On the diagnostic performance of intrapelvic local recurrence, the sensitivity, accuracy, and AUC for protocol B were significantly better than those for protocol A (p = 0.0077, p = 0.013, and p = 0.0044, respectively). The sensitivity, accuracy, and AUC for protocol C were significantly better than those for protocol A (p = 0.0077, p = 0.0026, and p = 0.0043, respectively). Although the specificity, accuracy, and AUC for protocol C were better than those for protocol B, no significant difference was observed (p = 0.25, p = 0.25, and p = 0.62, respectively).

On the diagnostic performance of pelvic lymph node recurrence, although the sensitivity, accuracy, and AUC for protocol B or C were better than those for protocol A, no significant difference was observed (p = 0.25, p = 0.25, and p = 0.25, respectively).

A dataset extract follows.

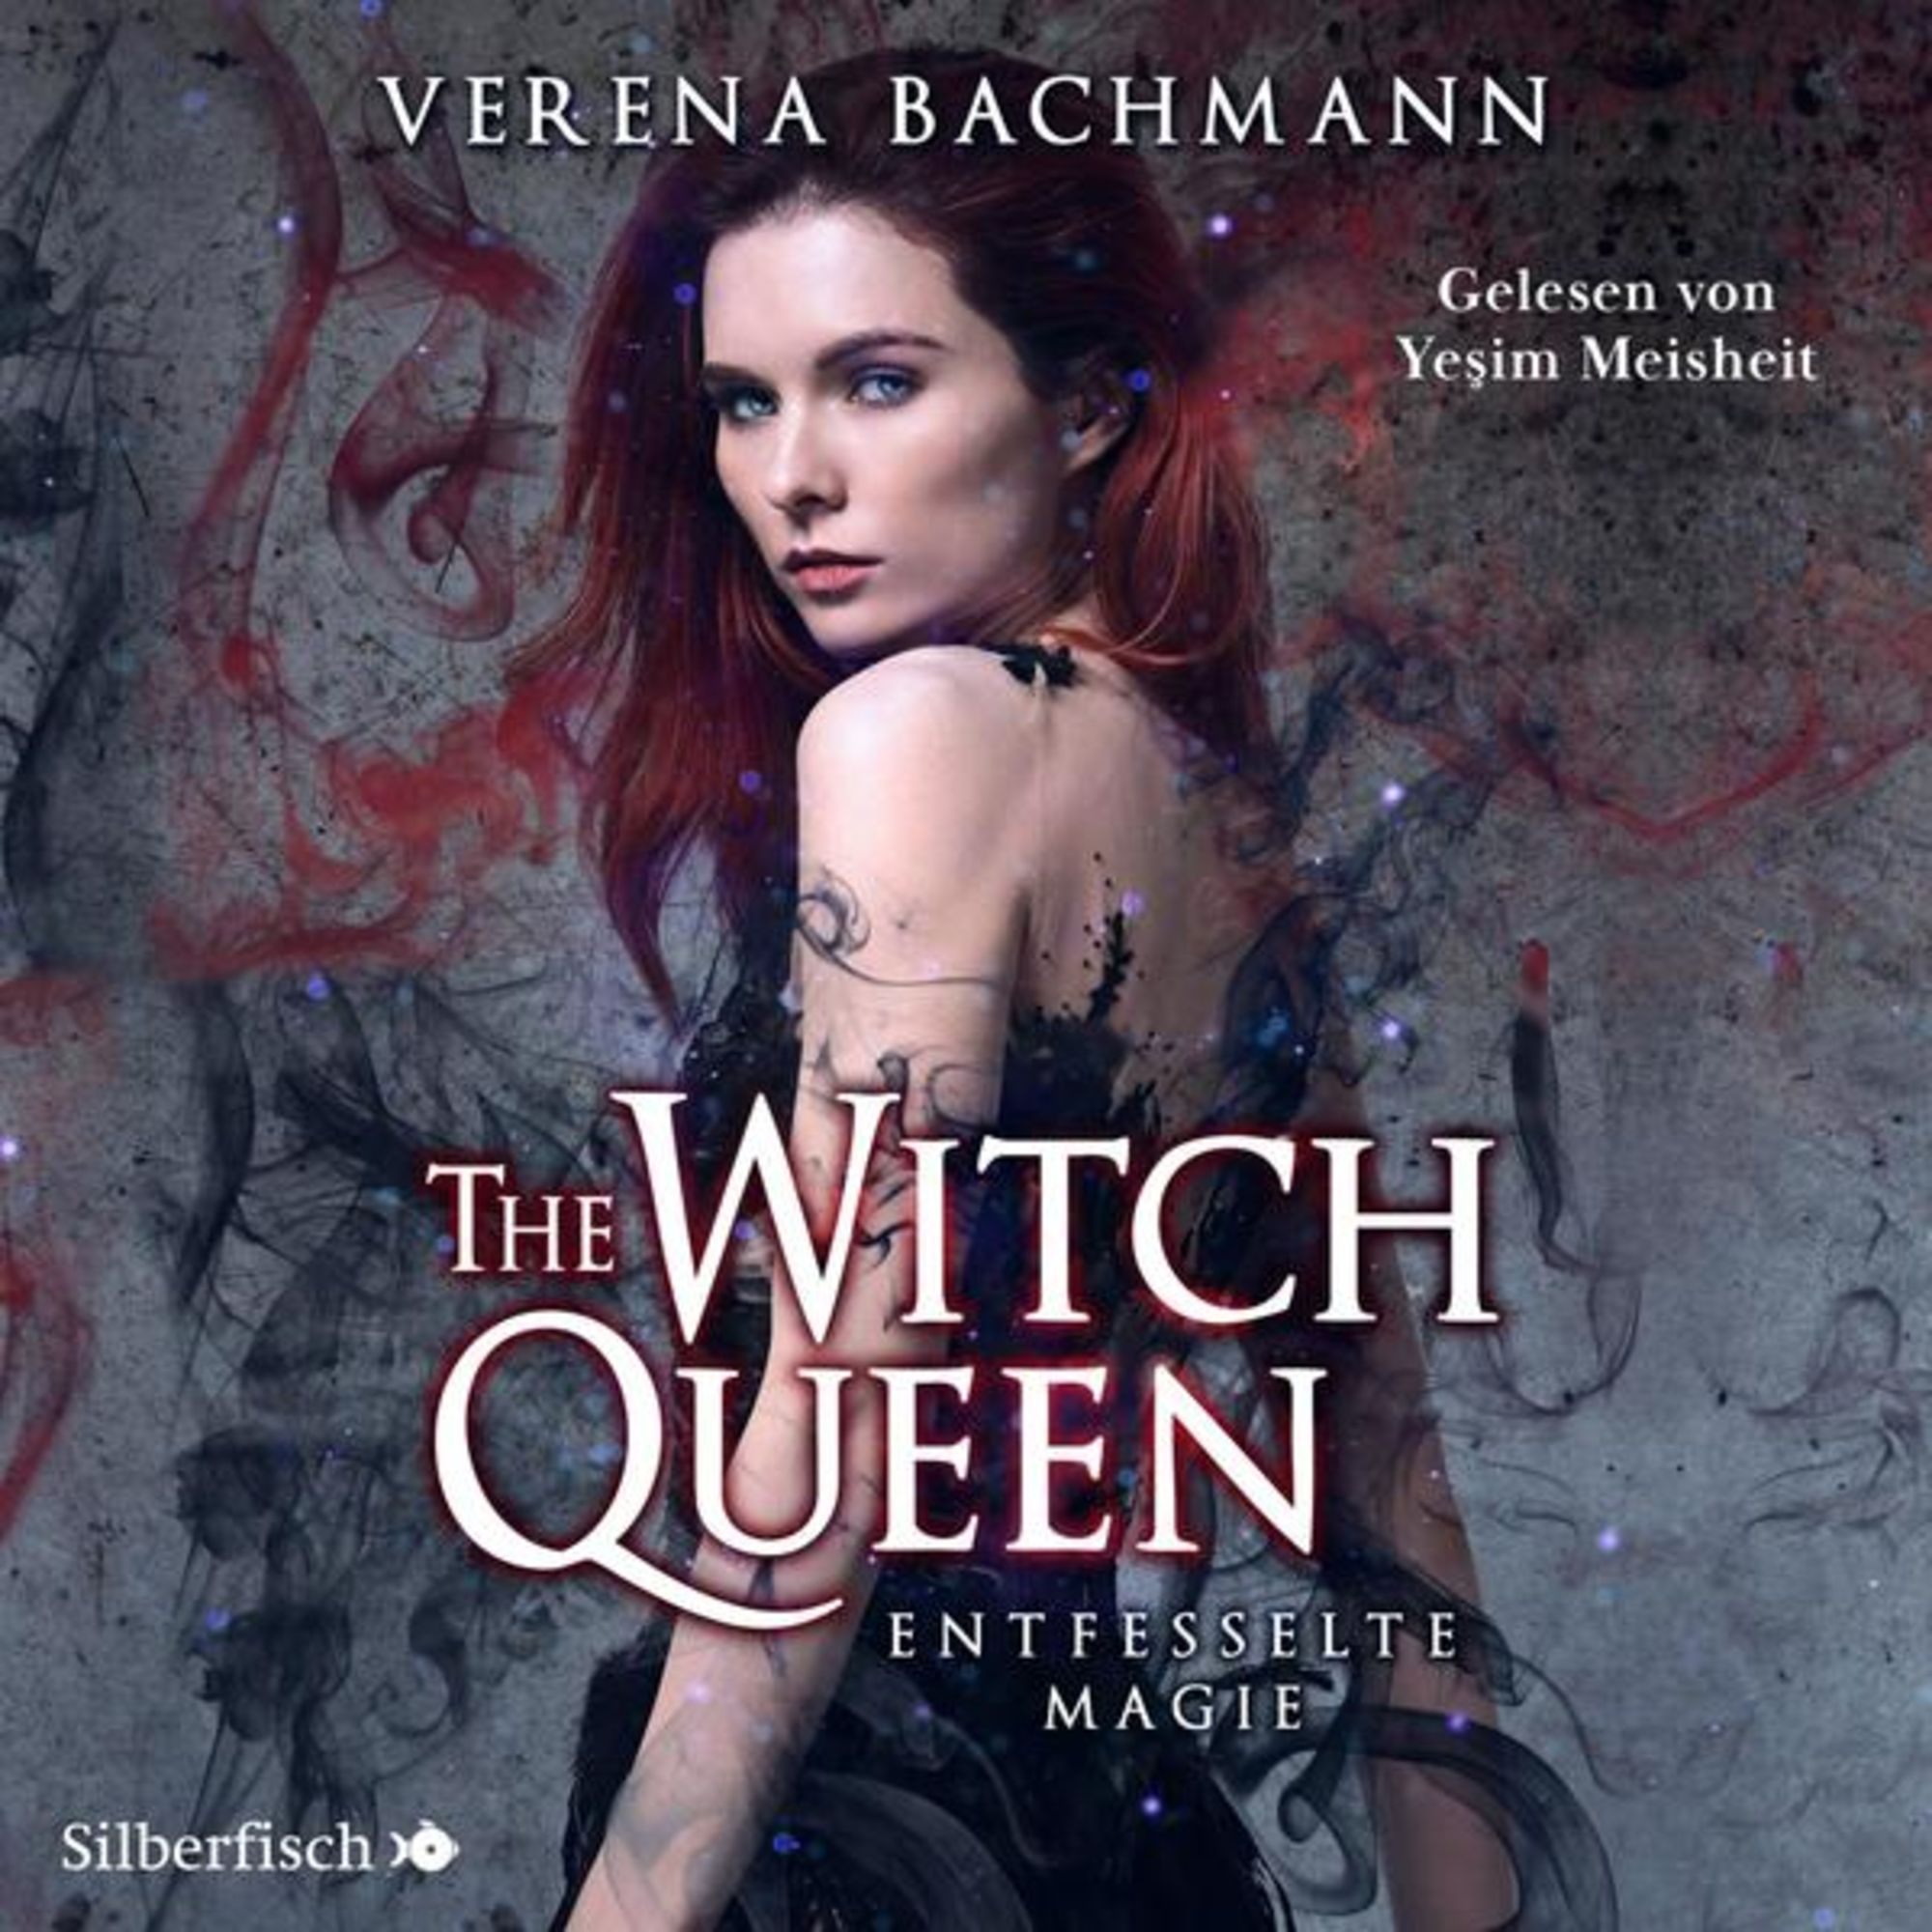 Witch \'Verena The Hörbuch-Download Entfesselte 1: The Witch Queen. - Queen Magie\' Bachmann\' von
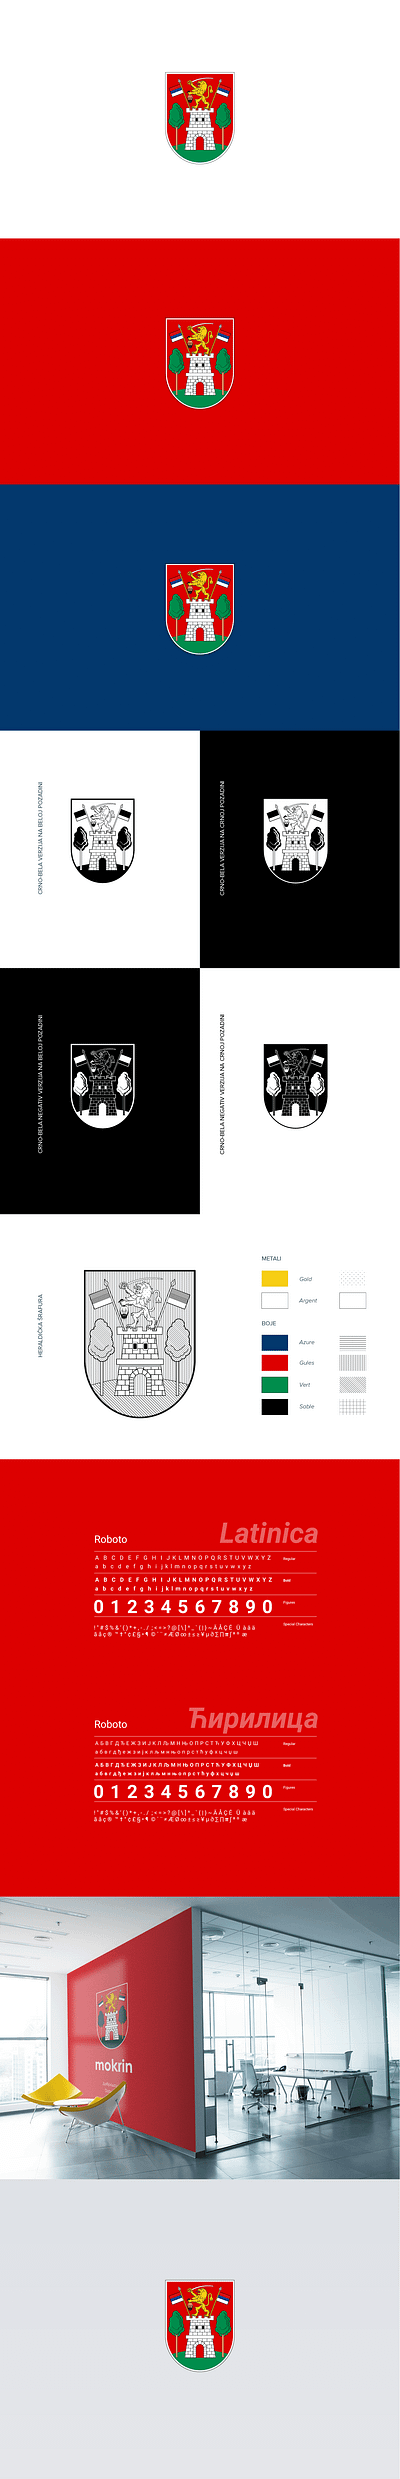 Mokrin – Coat of Arms branding coat of arms emblazon grb lion logo desi mokrin red green грб мокрин

On a per patient basis, the sensitivity, specificity, accuracy, and AUC for detection of intrapelvic peritoneal dissemination were 36.4%, 100%, 88.7%, and 0.895 for protocol A, 54.5%, 98.0%, 90.3%, and 0.939 for protocol B, and 72.7%, 98.0%, 93.5%, and 0.950 for protocol C, respectively. On the diagnostic performance of intrapelvic peritoneal dissemination, although the sensitivity, accuracy, and AUC for protocol B were better than those for protocol A, no significant difference was observed (p = 0.93, p = 0.48, and p = 0.29, respectively). Although the sensitivity, accuracy, and AUC for protocol C were better than those for protocol B, no significant difference was observed (p = 0.25, p = 0.29, and p = 0.54, respectively).

On the diagnostic performance of intrapelvic recurrence, the sensitivity, accuracy, and AUC for protocol B were significantly better than those for protocol A (p = 0.0044, p = 0.0077, and p = 0.0097, respectively). The sensitivity, accuracy, and AUC for protocol C were significantly better than those for protocol A (p = 0.0044, p = 0.0015, and p = 0.0064, respectively). Although the specificity, accuracy, and AUC for protocol C were better than those for protocol B, no significant difference was observed (0.25, 0.25, and 0.34, respectively).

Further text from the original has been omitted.